For experimental validation, we conduct field tests using a quad-rotor UAV drone equipped with the designed diversion structure. We measure wind speeds at multiple points below the UAV drone, corresponding to simulation data points. The measurement setup divides the area into zones: rotor center, blade tip, flow convergence, and central regions. At each zone, we place four detection lines with points at heights of 0.2 m, 0.4 m, 0.6 m, and 0.8 m. A TA641A anemometer is used, with a measurement range of 0.3–30.0 m/s and an error of ±3%. The relative error between simulated (\(v_m\)) and measured (\(v_s\)) velocities is calculated as:
$$
a = \frac{v_s – v_m}{v_s} \times 100\%
$$
The results show close agreement, with errors generally within 10%. For instance, in the central region, the maximum error is 9.55%, while in other zones, errors are lower. Some discrepancies arise from measurement limitations, such as points where wind speeds fall below the anemometer’s threshold (0.3 m/s). Overall, the validation confirms the reliability of our CFD models for the UAV drone wind field analysis.
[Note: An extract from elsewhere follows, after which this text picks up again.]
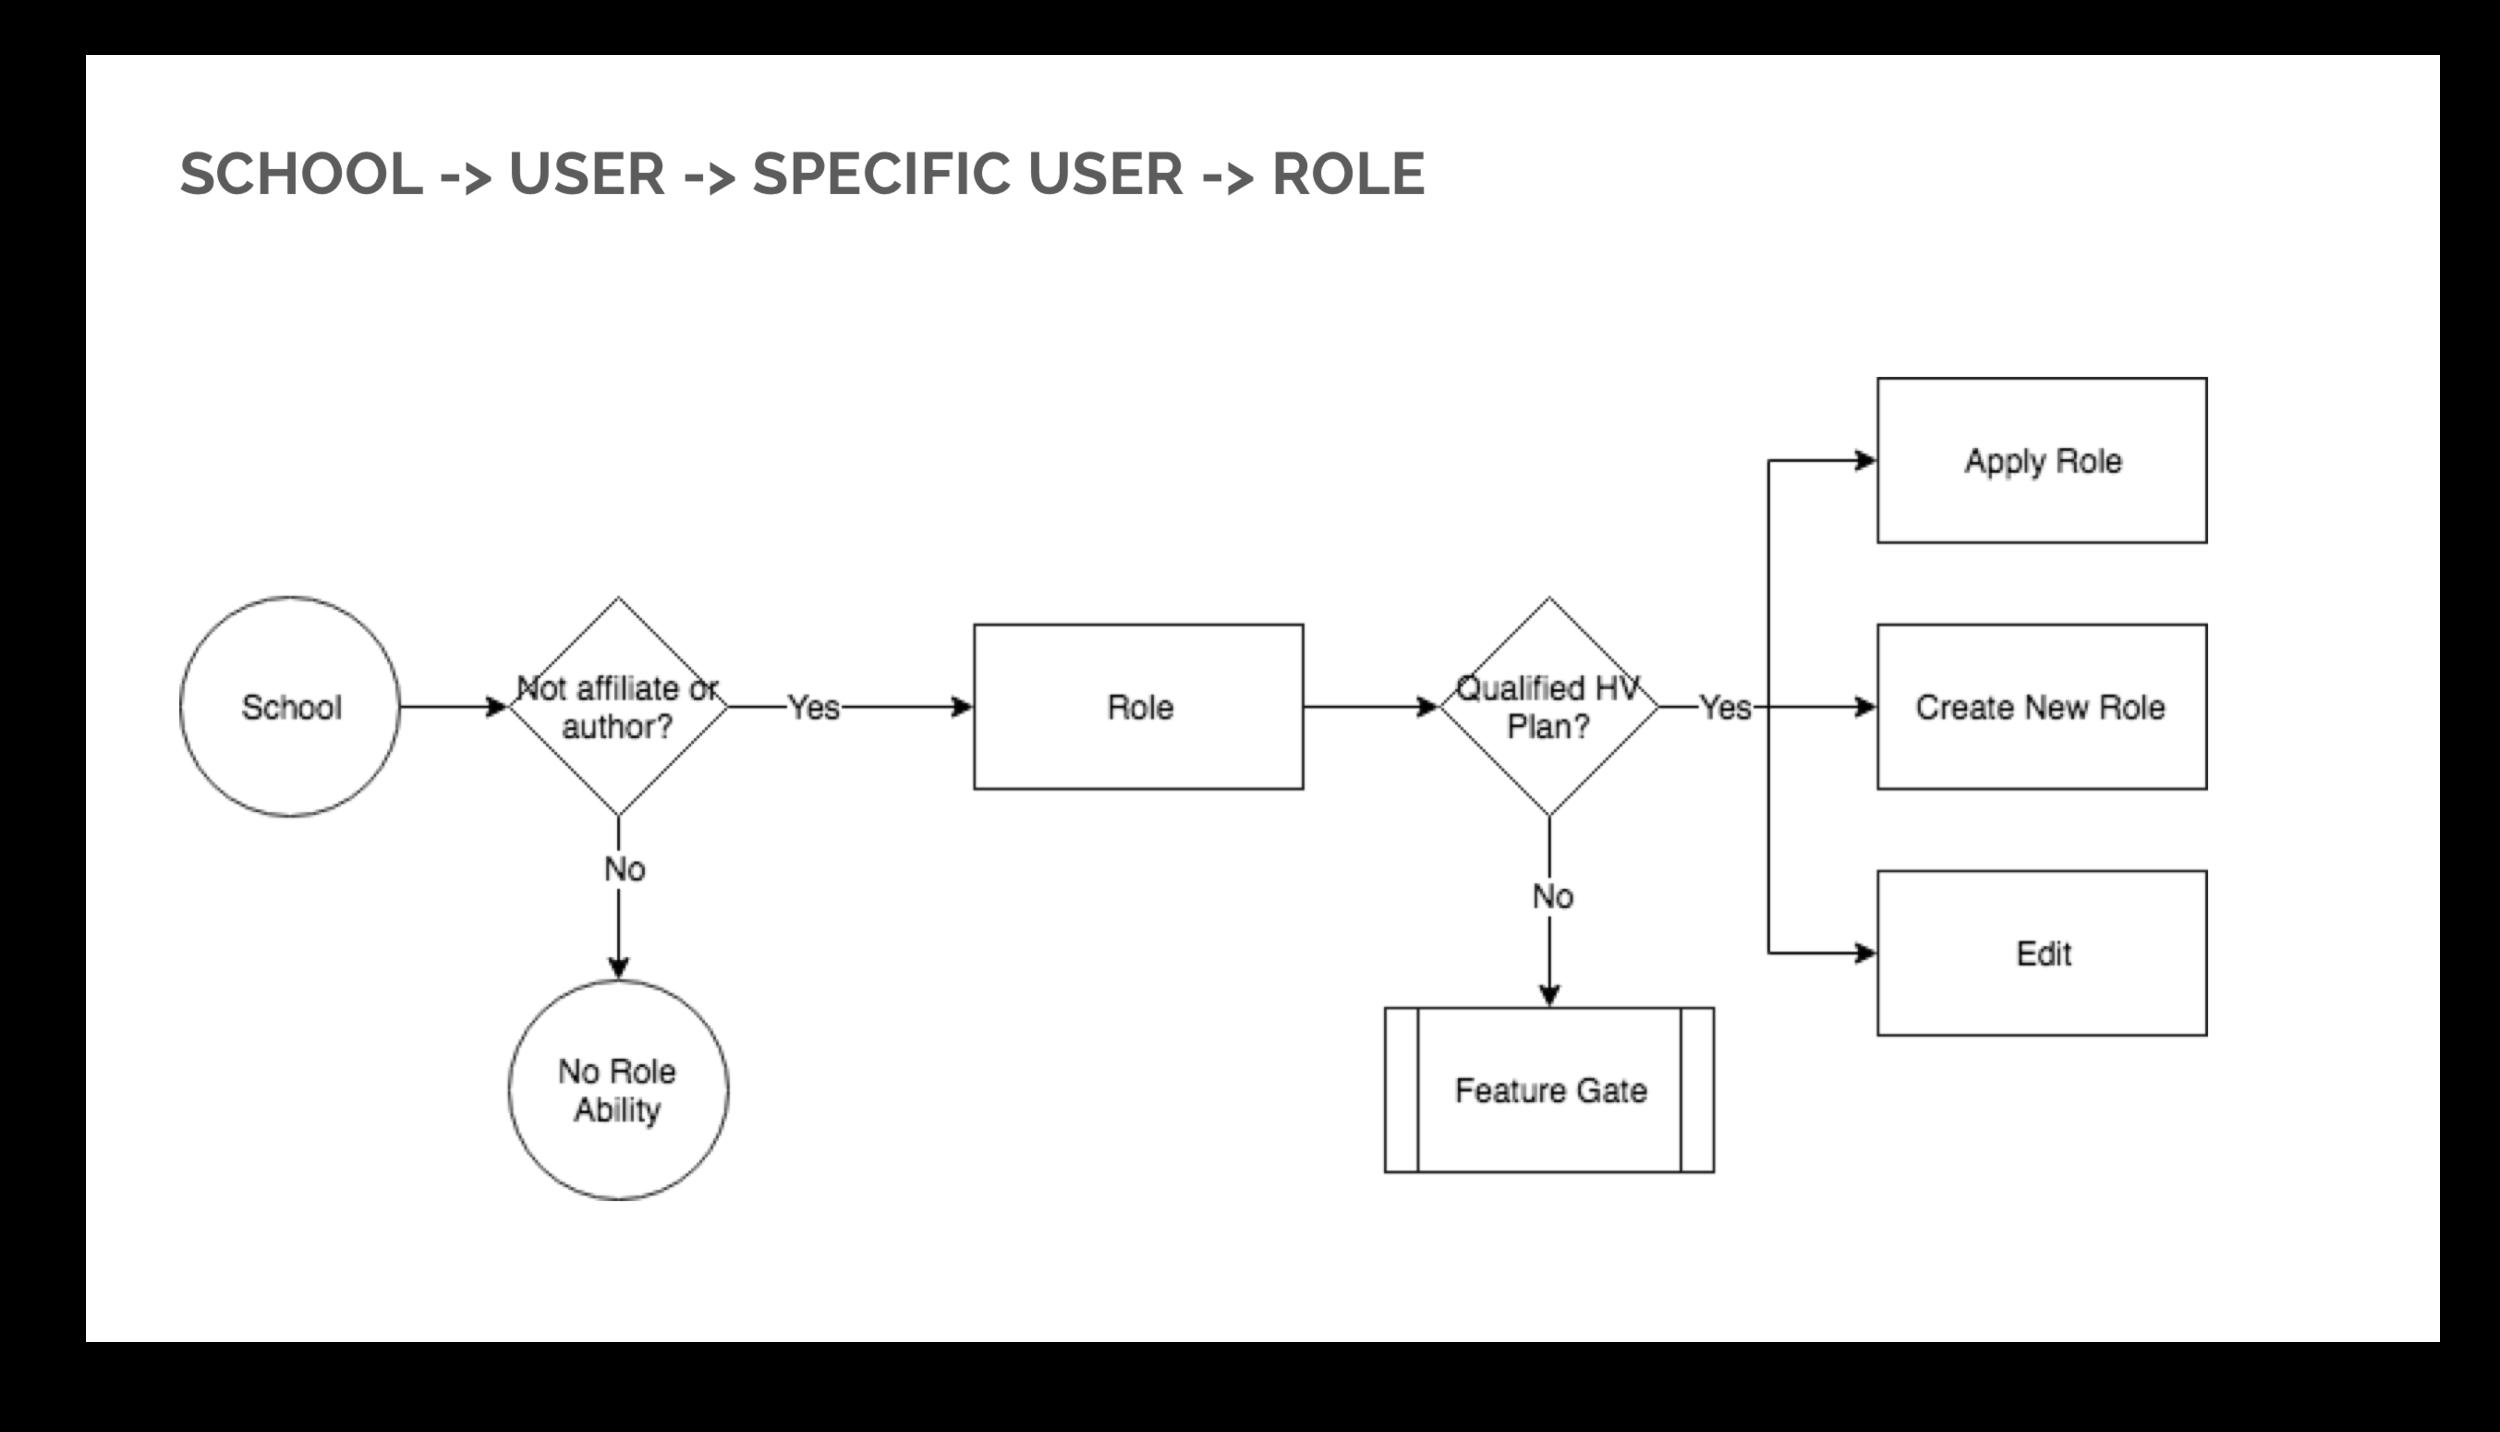 School User User Role Flow.png

In conclusion, our study demonstrates the effectiveness of a low-altitude UAV drone for full-width side spraying in vineyard applications. We characterize the downwash airflow of a quad-rotor UAV drone, revealing velocity distribution patterns and crosswind impacts. The optimization of a side spray diversion structure, based on CFD simulations, significantly improves airflow guidance and spray efficiency. Experimental tests validate our models, showing minimal error margins. This work underscores the potential of UAV drone technology to revolutionize agricultural spraying, offering solutions for difficult-to-reach canopies and dynamic environmental conditions. Future research could explore multi-rotor configurations or advanced control algorithms to further enhance the performance of UAV drones in precision agriculture.
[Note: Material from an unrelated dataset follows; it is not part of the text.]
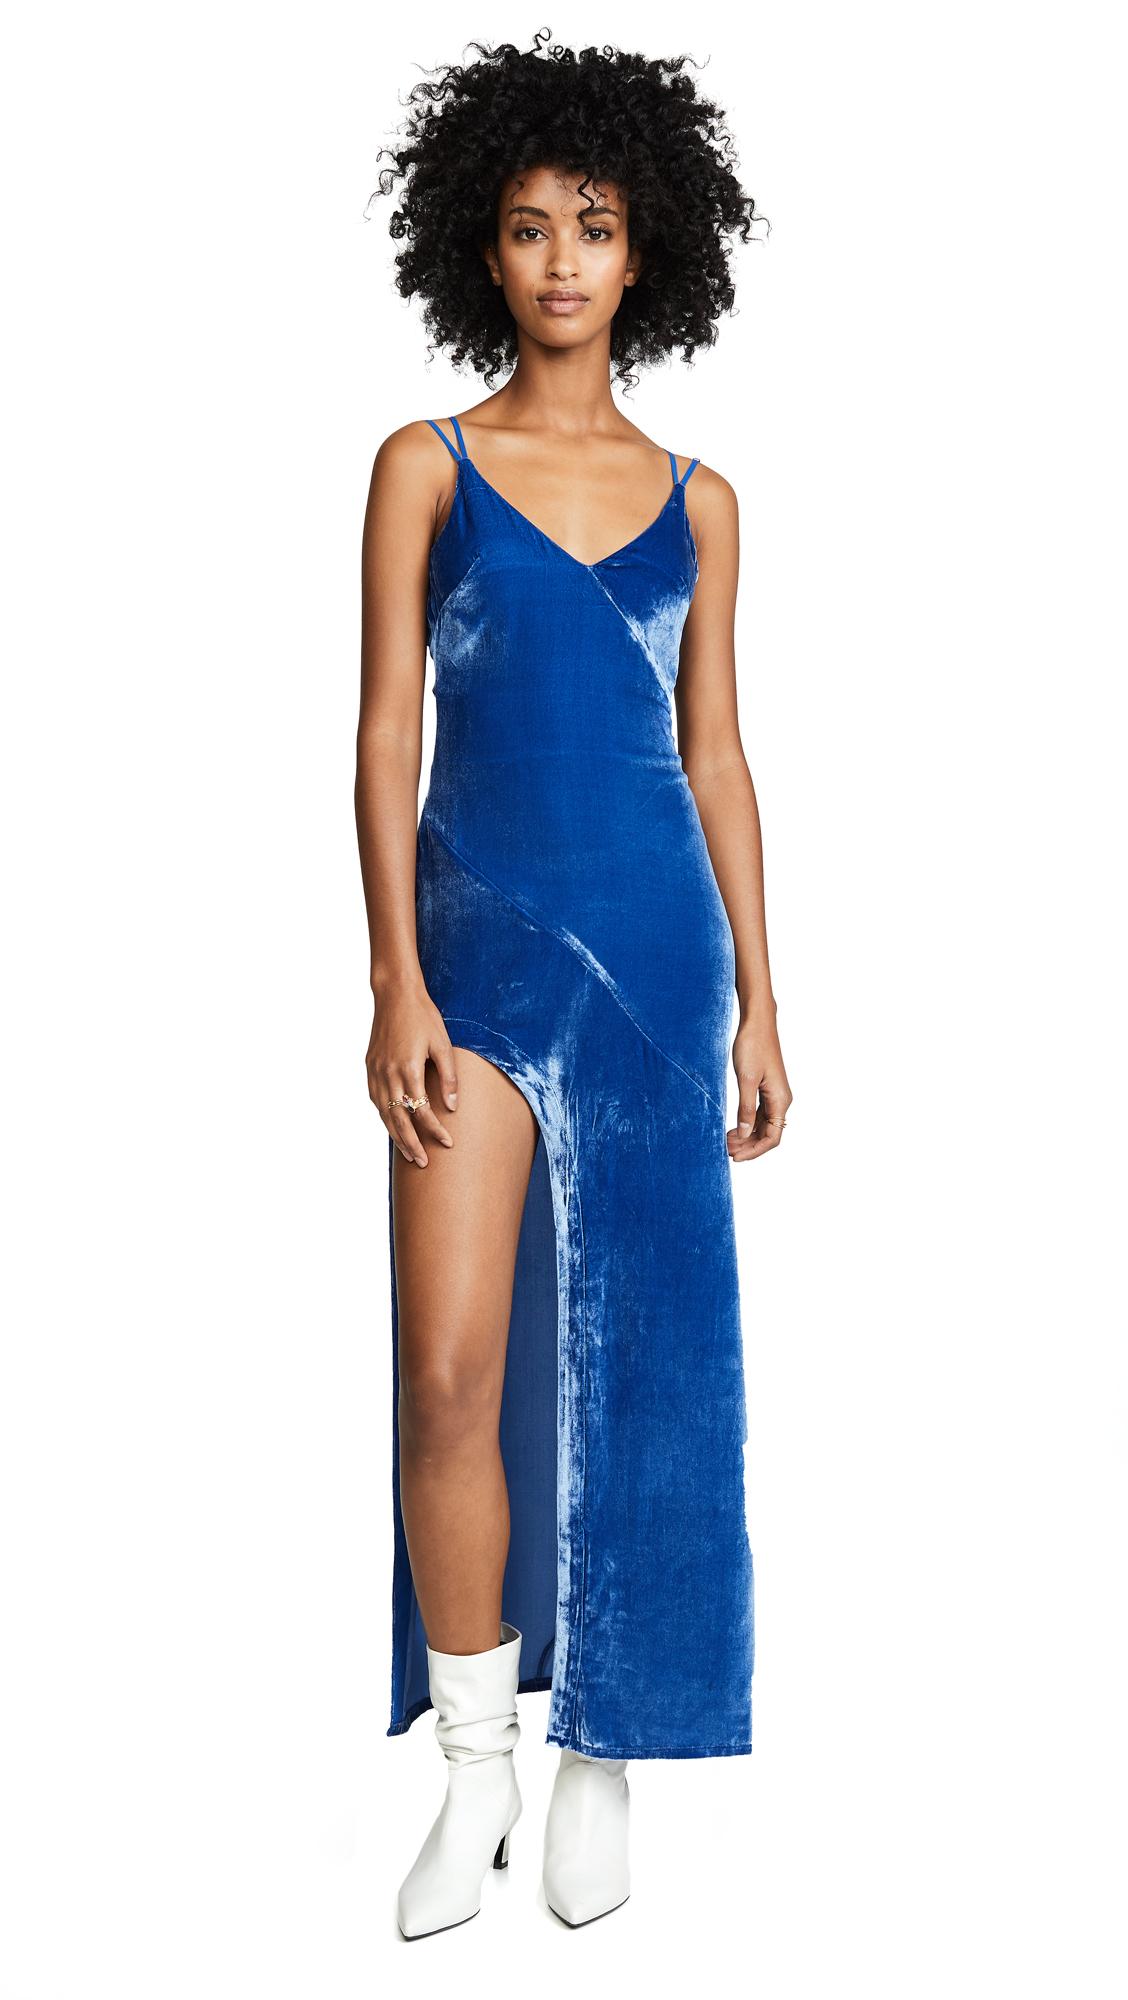 For Love & Lemons Nadine Velvet Maxi Dress

The integration of UAV drones into agricultural practices continues to evolve, driven by needs for efficiency and sustainability. Our findings highlight key aerodynamic principles that govern UAV drone operations, providing a foundation for designing more effective spraying systems. By leveraging computational tools and empirical data, we can optimize UAV drone parameters for specific crops, such as grapes, ensuring targeted pesticide delivery and reduced environmental drift. The side spray method developed here exemplifies how tailored engineering can address real-world challenges, making UAV drones indispensable tools in modern farming. As technology advances, we anticipate further innovations in UAV drone autonomy, sensing, and adaptation, paving the way for smarter agricultural ecosystems.
Throughout this research, the term UAV drone has been emphasized to reinforce its centrality in our investigations. From simulation to experimentation, the UAV drone serves as the core platform for implementing our proposed spraying methodology. The insights gained not only apply to grapevine cultivation but also extend to other high-value crops with similar canopy structures. By continuing to refine UAV drone designs and operational strategies, we can unlock new possibilities for precision agriculture, contributing to food security and environmental stewardship on a global scale.